You have paid tax in UK and are now being taxed here - this is correct but you get an allowance for all the tax that you've paid in UK. So, you might even get a tax rebate!


----------



## Stravinsky (Aug 12, 2007)

passiflora said:


> We are Spanish residents but pay UK taxes. We are now in the Spanish tax system,La Renta, and last year had no problems but this year our Spanish accountant tells us we have to pay Spanish tax on our UK pensions. We have already paid the tax in the UK but he still insists we have to pay it here. Our UK accountants says this isn't right, EU law is that one pays taxes in one country only. Has anyone else come across this problem?

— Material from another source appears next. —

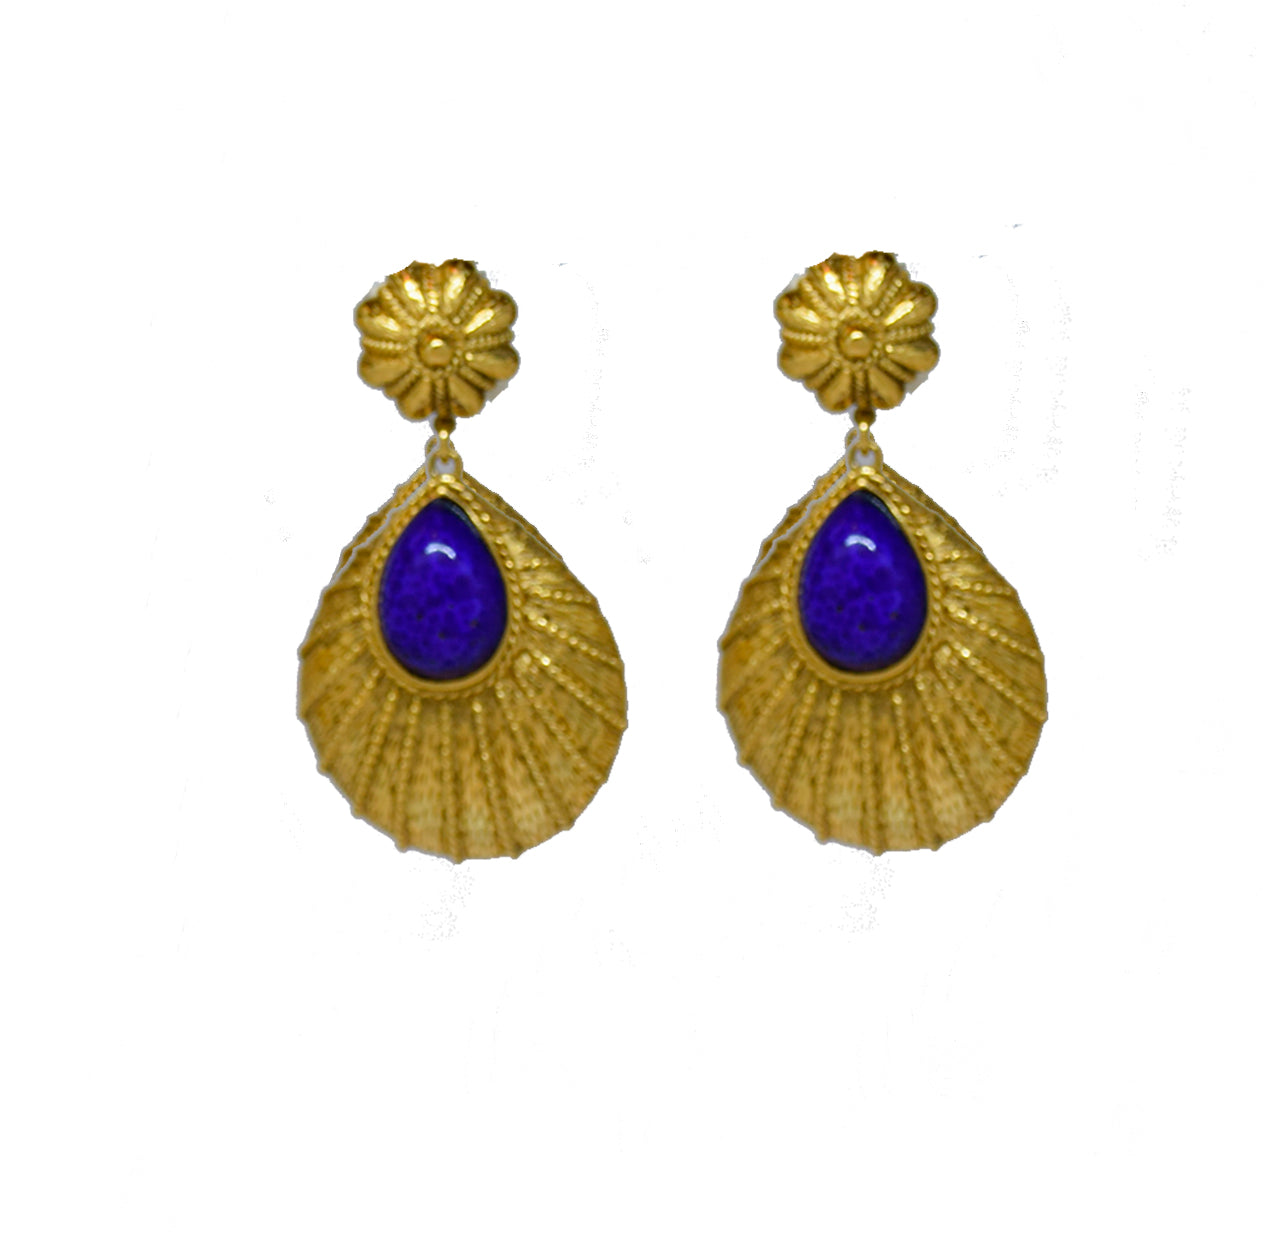 108 Textured 24 kt gold plated tear drop clip earring with navy stone

I guess you may not have researched the tax system originally. You say you are Spanish residents, and assuming you have been here for a while, you are therefore Spanish tax residents. Therefore your UK pensions (unless they are government pensions) are taxable here in Spain, not in the UK. There is a reciprocal tax system between the Uk and Spain which means you wont pay twice, but the Spanish system will require the difference between the UK andf the Spanish tax rate, if it is higher

In general, all your worldwide income is declarable in Spain one you are a resident and subsequently tax resident. You have no choice on this matter unfortunately.


----------



## passiflora (Jun 28, 2012)

Thankyou for the reply. My accountant obviously isn't as au fait with things as he thinks he is! Will see what our Spanish one has to tell us next week.


----------



## Stravinsky (Aug 12, 2007)

passiflora said:


> Thankyou for the reply. My accountant obviously isn't as au fait with things as he thinks he is! Will see what our Spanish one has to tell us next week.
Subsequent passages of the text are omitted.